I wanted to play as well.

But imo the trophies won't reset.... Why would they? they are saved onto the playstations server. You could throw your ps3 in the bucket and if you bought another and logged in, all your trophies would still be there. Just not game saves. So if anything was to be lost, game saves yes. Trophies no.


----------



## steven_SRi (Nov 5, 2009)

SK-XO said:


> I wanted to play as well.
> 
> But imo the trophies won't reset.... Why would they? they are saved onto the playstations server. You could throw your ps3 in the bucket and if you bought another and logged in, all your trophies would still be there. Just not game saves. So if anything was to be lost, game saves yes. Trophies no.


 just what i have been hearing mate...been reading on a website and sony have warned not to turn on the console as data could be corrupted and lost or summit. they are apparently gunna have it sorted by wednesday so they say.


----------



## SK-XO (Aug 6, 2009)

steven_SRi said:


> just what i have been hearing mate...been reading on a website and sony have warned not to turn on the console as data could be corrupted and lost or summit. they are apparently gunna have it sorted by wednesday so they say.


Wednesday! fk off with that like. Seriously beggining to doubt Sony more and more, my last ps3 I had a month and it died of yellow light, lost all my game saves. Now if this one cacks out im over to xbox.


----------



## Guest (Mar 1, 2010)

My dads, mams bf's, 3-4 mates and mine have all been alright...

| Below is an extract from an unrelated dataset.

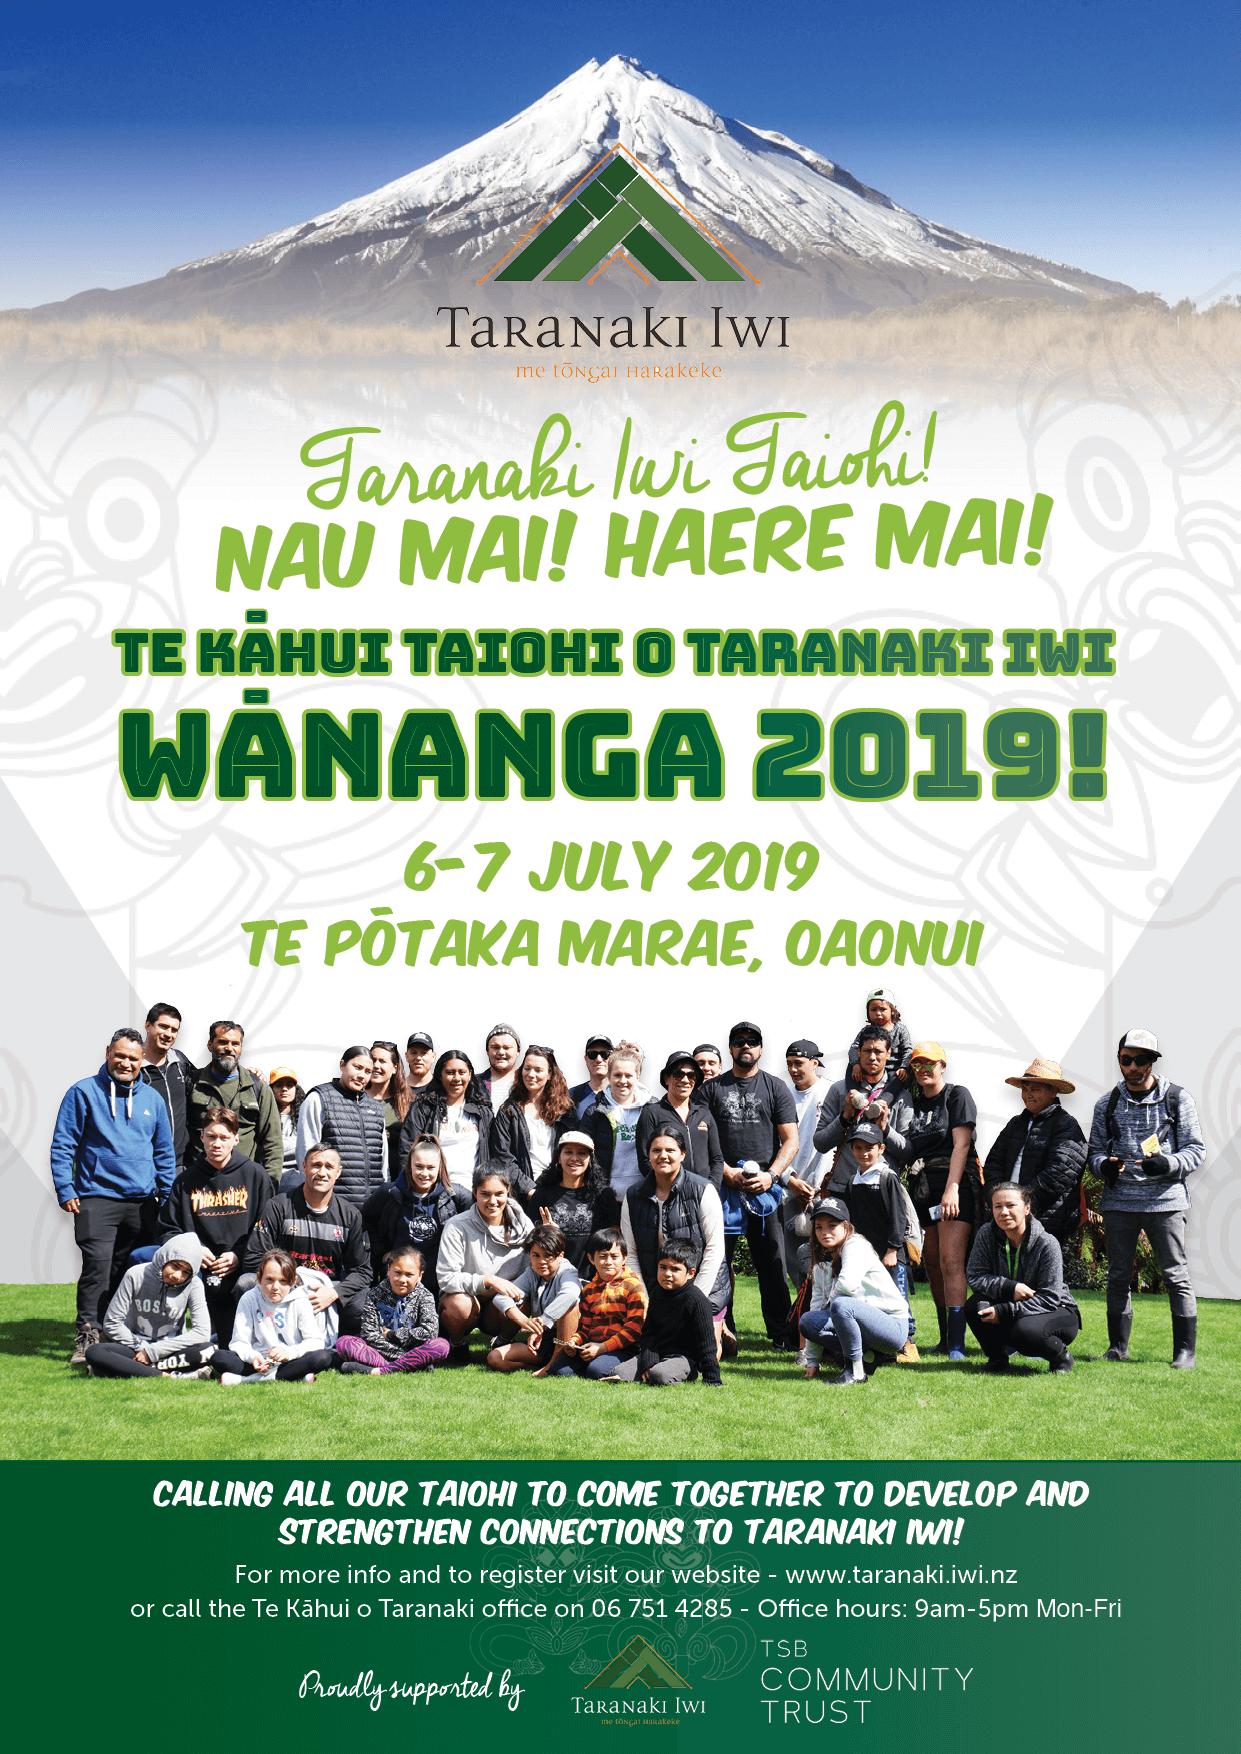 Te Kāhui Taiohi o Taranaki Iwi Wānanga 6-7 July 2019

few of the above are 2-3 years old.


----------



## steven_SRi (Nov 5, 2009)

SK-XO said:


> Wednesday! fk off with that like. Seriously beggining to doubt Sony more and more, my last ps3 I had a month and it died of yellow light, lost all my game saves. Now if this one cacks out im over to xbox.


 i know what you mean sony are starting to sicken me now.

duno if i would ever resort to the xbox tho lol


----------



## Guest (Mar 1, 2010)

Dan said:


> My dads, mams bf's, 3-4 mates and mine have all been alright...
> 
> few of the above are 2-3 years old.


PMSL, just found out 2 of theirs have ****ed :lol: :lol: uh oh.


----------



## cecil_sensation (Jan 26, 2009)

mines not coming online as of yet. but should be back on by tomorrow.

i could never go to sh1t-box o i mean x-box lol


----------



## vsideboy (Feb 3, 2009)

well I can live without it on for a few days.

because its a firmware issue, I read that even turning it on yesterday would most likely cause the problem. It resets the date to jan 2000 which then corrupts the game saves and also the connecting to the network.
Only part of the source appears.